Optional addition: grass-fed crumbled feta or chevre

Method

  1. Preheat the oven to 400°F.

  2. Trim the tops from the carrots, reserving 1 cup of the leafy greens (use the most tender, lightest-colored ones; discard any tough or yellowed leaves). Wash the tops thoroughly.

  3. Scrub the carrots well — leave the skin on. Halve any thick carrots lengthwise so they cook evenly.

  4. Toss the carrots with olive oil, salt, and pepper on a parchment-lined sheet pan.

  5. Roast 25–30 minutes, turning once, until tender and slightly caramelized at the edges.

  6. Make the pepita pesto. While the carrots roast, place the carrot tops, parsley, pepitas, hemp seeds, shallot, garlic, balsamic vinegar, orange zest, lemon zest, ground coriander, and salt in a food processor or high-powered blender. Pulse until coarsely chopped. With the motor running, stream in the olive oil until the pesto comes together — it should be coarse and chunky, retaining visible texture. Don't over-process to a smooth purée.
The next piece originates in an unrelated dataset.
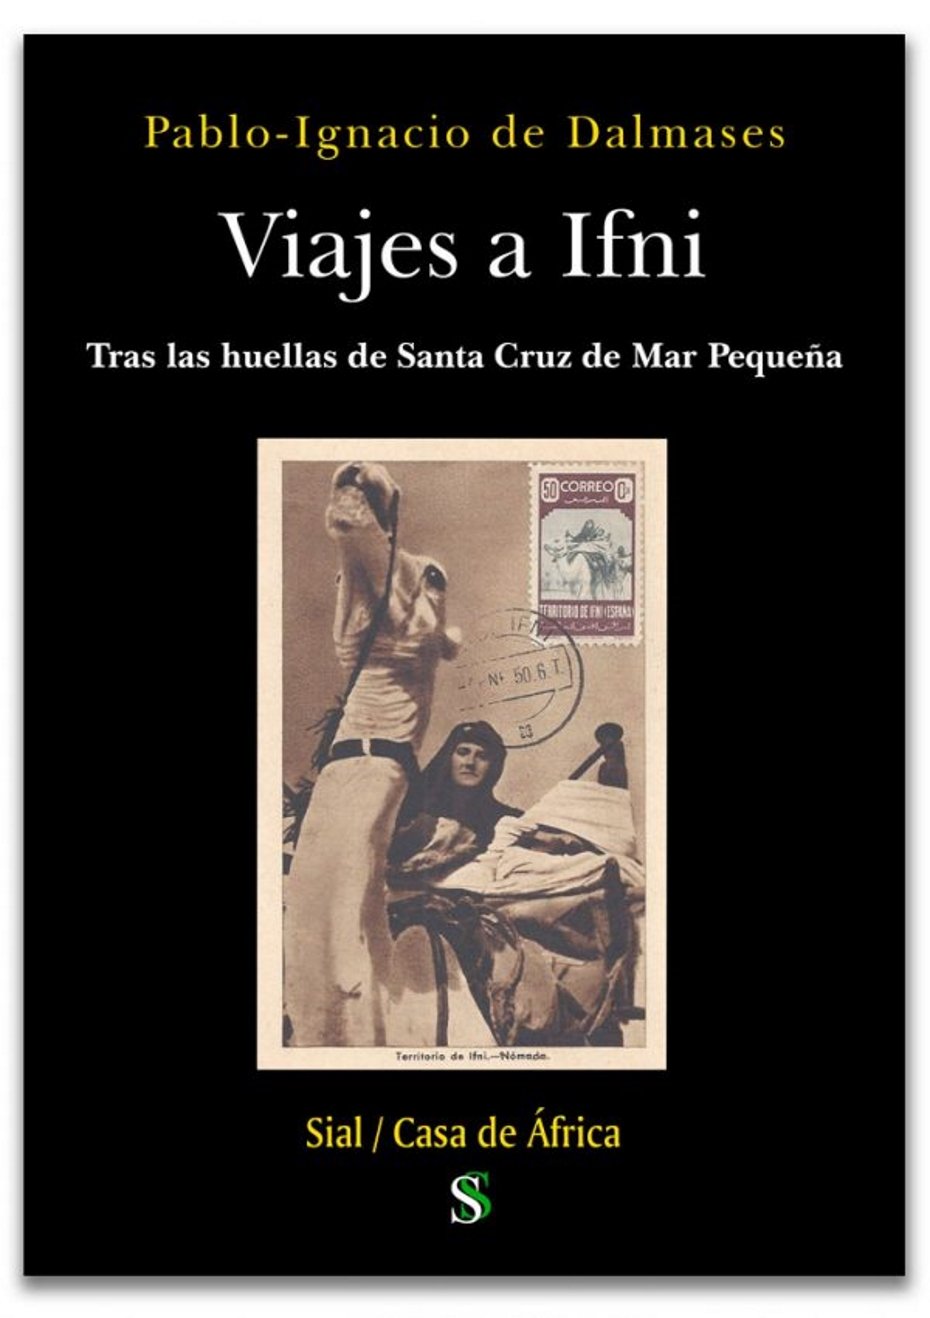 Pablo-Ignacio de Dalmases, 'Viajes a Ifni'. Sial, 344 pp., 23 €.
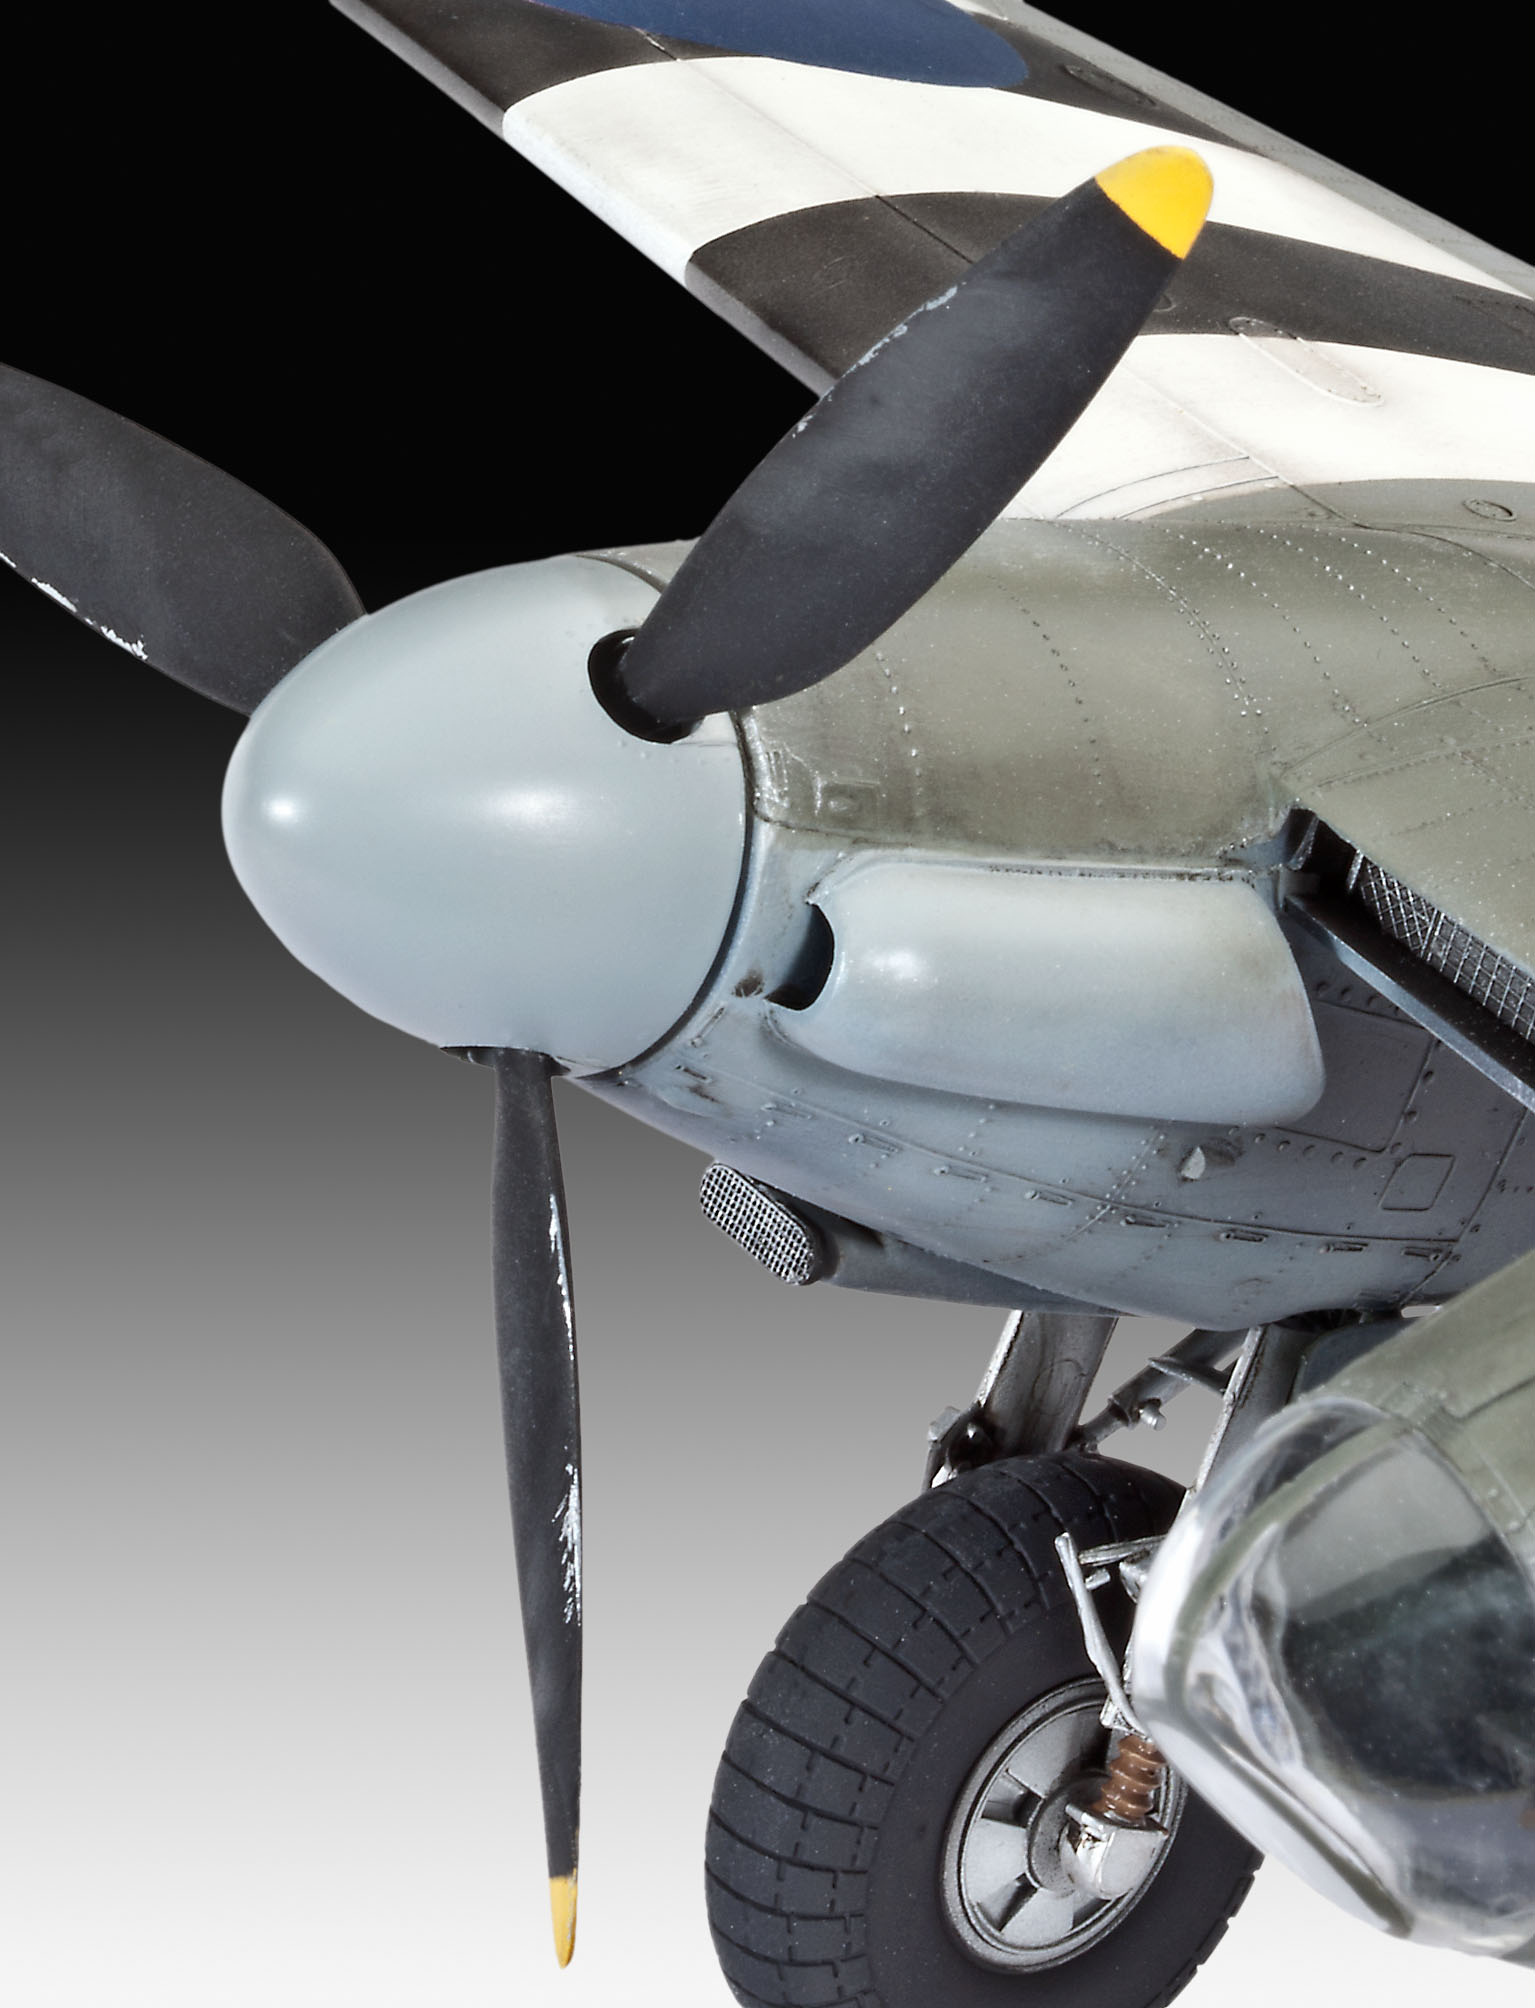 1:32  Mosquito Mk.IV - De Havilland Mosquito MK.IV

  7. Taste and adjust salt or balsamic as needed.

  8. Plate and serve. Arrange the roasted carrots on a wide serving platter — overlapping or fanned for visual contrast. Spoon the pepita pesto generously over the top, allowing some carrots to remain visible. Finish with a pinch of flaky sea salt, a drizzle of high-quality olive oil, and crumbled chèvre or feta if using. Serve warm or at room temperature.

Variations

With cheese topping: Crumble 2-3 oz fresh chèvre or grass-fed feta over the carrots before spooning on the pesto. Adds tangy richness.

With toasted nuts: Top with toasted slivered almonds, chopped hazelnuts, or additional toasted pepitas for crunch.

With pomegranate seeds: Scatter ¼ cup pomegranate arils over the finished dish for jewel-toned color and bright acidity. Especially beautiful in autumn and winter.

With other roasted root vegetables: Add 1 lb parsnips, beets, or sweet potato to the sheet pan alongside the carrots. The pesto works beautifully across all root vegetables.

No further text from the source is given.